Segment Start: Available data
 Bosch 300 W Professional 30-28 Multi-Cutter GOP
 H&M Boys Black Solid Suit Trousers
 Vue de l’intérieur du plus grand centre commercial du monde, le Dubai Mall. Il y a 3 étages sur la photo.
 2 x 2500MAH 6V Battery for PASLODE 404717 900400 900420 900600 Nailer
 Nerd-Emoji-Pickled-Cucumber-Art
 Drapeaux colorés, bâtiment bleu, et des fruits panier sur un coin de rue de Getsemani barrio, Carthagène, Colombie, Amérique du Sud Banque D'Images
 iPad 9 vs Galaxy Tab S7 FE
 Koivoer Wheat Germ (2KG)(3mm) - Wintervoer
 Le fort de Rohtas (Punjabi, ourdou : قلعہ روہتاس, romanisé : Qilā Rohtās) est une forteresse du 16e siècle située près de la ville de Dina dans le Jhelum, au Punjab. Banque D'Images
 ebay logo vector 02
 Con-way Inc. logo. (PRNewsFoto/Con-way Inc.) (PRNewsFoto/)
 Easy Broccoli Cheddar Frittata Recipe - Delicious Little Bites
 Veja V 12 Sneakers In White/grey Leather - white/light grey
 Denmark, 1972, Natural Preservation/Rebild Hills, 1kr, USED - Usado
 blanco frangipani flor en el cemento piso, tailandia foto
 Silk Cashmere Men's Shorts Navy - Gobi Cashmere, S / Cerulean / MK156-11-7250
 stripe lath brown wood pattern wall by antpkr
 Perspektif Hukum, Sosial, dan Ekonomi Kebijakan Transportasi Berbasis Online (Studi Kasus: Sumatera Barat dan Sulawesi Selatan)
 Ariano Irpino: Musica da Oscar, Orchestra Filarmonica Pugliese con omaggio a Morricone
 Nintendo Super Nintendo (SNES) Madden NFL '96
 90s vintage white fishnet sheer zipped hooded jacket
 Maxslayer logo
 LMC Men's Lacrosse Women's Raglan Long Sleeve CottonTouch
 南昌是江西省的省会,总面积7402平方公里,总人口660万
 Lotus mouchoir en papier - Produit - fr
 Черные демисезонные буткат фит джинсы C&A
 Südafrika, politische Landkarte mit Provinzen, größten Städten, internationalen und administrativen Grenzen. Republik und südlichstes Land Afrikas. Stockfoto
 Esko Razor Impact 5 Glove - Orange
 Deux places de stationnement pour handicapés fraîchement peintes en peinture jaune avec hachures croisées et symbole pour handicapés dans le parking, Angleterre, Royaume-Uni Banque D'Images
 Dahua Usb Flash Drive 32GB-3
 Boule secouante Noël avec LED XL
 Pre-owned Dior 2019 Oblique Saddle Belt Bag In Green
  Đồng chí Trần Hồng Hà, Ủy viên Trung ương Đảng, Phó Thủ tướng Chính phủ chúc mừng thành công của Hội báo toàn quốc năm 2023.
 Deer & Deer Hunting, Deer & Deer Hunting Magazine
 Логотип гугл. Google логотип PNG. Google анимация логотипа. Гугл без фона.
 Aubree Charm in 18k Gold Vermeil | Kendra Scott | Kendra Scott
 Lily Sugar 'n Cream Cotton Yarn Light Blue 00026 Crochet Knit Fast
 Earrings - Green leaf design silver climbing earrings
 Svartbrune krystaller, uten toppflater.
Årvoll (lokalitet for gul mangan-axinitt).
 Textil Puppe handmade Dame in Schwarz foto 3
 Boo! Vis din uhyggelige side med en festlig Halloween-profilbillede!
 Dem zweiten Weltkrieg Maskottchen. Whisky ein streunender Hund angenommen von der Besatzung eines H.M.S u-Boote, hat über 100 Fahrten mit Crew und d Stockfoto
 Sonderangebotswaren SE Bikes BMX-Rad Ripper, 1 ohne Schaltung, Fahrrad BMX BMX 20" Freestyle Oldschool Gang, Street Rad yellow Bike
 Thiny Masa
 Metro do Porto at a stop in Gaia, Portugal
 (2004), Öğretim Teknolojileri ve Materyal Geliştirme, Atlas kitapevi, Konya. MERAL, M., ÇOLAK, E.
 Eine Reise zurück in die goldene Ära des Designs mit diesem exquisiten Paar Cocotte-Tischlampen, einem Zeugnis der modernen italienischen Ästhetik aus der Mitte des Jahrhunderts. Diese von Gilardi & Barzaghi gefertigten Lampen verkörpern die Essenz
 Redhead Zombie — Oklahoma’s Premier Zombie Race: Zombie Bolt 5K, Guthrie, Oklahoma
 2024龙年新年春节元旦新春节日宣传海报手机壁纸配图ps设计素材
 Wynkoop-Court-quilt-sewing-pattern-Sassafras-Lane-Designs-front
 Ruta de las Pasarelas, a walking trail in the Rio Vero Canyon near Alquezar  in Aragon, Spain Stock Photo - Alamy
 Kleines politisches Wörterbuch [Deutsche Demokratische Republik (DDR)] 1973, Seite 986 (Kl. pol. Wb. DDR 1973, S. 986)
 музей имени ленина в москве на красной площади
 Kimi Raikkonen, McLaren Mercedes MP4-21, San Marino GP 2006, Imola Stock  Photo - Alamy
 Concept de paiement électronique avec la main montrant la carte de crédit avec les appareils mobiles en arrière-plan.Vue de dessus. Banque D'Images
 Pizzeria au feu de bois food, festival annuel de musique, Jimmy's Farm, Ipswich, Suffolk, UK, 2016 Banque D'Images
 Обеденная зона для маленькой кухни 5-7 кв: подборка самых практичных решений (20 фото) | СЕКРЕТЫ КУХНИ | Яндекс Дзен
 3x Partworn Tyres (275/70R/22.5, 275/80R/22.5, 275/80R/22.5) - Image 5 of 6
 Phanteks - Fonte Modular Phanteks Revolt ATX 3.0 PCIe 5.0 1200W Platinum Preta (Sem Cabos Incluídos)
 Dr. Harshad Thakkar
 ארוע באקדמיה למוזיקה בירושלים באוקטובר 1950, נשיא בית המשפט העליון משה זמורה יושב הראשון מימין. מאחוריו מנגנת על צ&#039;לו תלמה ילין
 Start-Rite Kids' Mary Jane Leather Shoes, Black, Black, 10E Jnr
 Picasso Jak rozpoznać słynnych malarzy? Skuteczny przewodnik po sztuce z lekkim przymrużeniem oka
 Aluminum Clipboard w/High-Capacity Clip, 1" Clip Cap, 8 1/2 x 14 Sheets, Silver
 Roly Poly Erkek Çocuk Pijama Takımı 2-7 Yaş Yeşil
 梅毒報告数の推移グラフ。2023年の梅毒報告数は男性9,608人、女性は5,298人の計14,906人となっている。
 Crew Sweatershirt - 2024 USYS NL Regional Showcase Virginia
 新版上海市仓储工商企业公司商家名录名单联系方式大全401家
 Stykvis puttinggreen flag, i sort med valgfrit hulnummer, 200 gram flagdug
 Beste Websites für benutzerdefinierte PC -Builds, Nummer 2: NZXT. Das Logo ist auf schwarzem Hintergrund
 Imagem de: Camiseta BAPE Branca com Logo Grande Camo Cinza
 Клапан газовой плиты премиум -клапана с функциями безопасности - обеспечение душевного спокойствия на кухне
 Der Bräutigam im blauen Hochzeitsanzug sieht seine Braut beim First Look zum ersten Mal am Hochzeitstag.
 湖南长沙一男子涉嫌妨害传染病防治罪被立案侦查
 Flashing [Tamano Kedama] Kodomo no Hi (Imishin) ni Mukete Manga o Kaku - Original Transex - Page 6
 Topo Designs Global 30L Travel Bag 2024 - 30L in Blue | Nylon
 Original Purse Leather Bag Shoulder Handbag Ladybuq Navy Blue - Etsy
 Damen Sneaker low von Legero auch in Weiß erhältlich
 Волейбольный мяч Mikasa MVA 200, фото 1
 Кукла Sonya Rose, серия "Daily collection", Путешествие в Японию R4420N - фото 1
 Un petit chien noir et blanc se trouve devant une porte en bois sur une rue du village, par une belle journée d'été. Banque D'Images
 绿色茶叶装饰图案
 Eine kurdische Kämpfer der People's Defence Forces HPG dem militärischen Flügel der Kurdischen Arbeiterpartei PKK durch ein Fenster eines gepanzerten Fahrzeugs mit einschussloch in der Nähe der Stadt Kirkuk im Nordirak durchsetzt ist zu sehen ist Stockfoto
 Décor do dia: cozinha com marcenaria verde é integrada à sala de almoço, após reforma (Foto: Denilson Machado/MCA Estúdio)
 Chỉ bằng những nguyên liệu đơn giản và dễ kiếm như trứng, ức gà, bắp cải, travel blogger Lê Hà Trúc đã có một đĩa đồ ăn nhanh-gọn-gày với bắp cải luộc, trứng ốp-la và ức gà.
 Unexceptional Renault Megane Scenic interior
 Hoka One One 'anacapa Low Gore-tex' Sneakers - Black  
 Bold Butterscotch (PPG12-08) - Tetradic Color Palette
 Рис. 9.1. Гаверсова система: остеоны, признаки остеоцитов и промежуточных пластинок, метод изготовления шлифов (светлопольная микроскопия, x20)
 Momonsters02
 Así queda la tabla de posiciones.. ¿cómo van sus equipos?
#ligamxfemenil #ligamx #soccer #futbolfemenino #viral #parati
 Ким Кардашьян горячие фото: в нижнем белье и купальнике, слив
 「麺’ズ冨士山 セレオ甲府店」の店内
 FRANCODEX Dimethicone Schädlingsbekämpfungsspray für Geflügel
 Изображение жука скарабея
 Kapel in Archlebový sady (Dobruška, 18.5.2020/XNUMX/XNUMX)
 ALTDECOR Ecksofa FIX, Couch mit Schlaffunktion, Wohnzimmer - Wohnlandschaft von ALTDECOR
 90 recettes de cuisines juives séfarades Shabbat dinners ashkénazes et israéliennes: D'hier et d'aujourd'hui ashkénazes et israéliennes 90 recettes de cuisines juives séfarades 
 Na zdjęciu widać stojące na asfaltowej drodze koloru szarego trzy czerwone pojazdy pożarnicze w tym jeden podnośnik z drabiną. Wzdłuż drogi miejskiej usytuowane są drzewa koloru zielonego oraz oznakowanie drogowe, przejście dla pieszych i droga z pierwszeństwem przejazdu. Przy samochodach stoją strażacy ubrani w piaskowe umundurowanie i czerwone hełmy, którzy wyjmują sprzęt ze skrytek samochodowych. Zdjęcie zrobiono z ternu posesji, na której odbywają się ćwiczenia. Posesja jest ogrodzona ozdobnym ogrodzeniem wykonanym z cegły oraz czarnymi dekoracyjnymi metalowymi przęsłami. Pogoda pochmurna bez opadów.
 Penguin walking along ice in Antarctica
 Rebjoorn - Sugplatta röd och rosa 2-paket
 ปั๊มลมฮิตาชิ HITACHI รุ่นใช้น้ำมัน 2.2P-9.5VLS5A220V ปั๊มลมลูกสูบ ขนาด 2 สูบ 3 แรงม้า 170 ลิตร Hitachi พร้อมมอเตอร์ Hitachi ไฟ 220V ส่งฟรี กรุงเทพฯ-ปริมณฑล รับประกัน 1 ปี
Segment End: Available data
_Brief_:
Within the material above, output exactly the lines from the one with "Chỉ bằng những" through the one with "ALTDECOR Ecksofa FIX, Couch", end lines included, and nothing besides.

_Answer for the task_:
 Chỉ bằng những nguyên liệu đơn giản và dễ kiếm như trứng, ức gà, bắp cải, travel blogger Lê Hà Trúc đã có một đĩa đồ ăn nhanh-gọn-gày với bắp cải luộc, trứng ốp-la và ức gà.
 Unexceptional Renault Megane Scenic interior
 Hoka One One 'anacapa Low Gore-tex' Sneakers - Black  
 Bold Butterscotch (PPG12-08) - Tetradic Color Palette
 Рис. 9.1. Гаверсова система: остеоны, признаки остеоцитов и промежуточных пластинок, метод изготовления шлифов (светлопольная микроскопия, x20)
 Momonsters02
 Así queda la tabla de posiciones.. ¿cómo van sus equipos?
#ligamxfemenil #ligamx #soccer #futbolfemenino #viral #parati
 Ким Кардашьян горячие фото: в нижнем белье и купальнике, слив
 「麺’ズ冨士山 セレオ甲府店」の店内
 FRANCODEX Dimethicone Schädlingsbekämpfungsspray für Geflügel
 Изображение жука скарабея
 Kapel in Archlebový sady (Dobruška, 18.5.2020/XNUMX/XNUMX)
 ALTDECOR Ecksofa FIX, Couch mit Schlaffunktion, Wohnzimmer - Wohnlandschaft von ALTDECOR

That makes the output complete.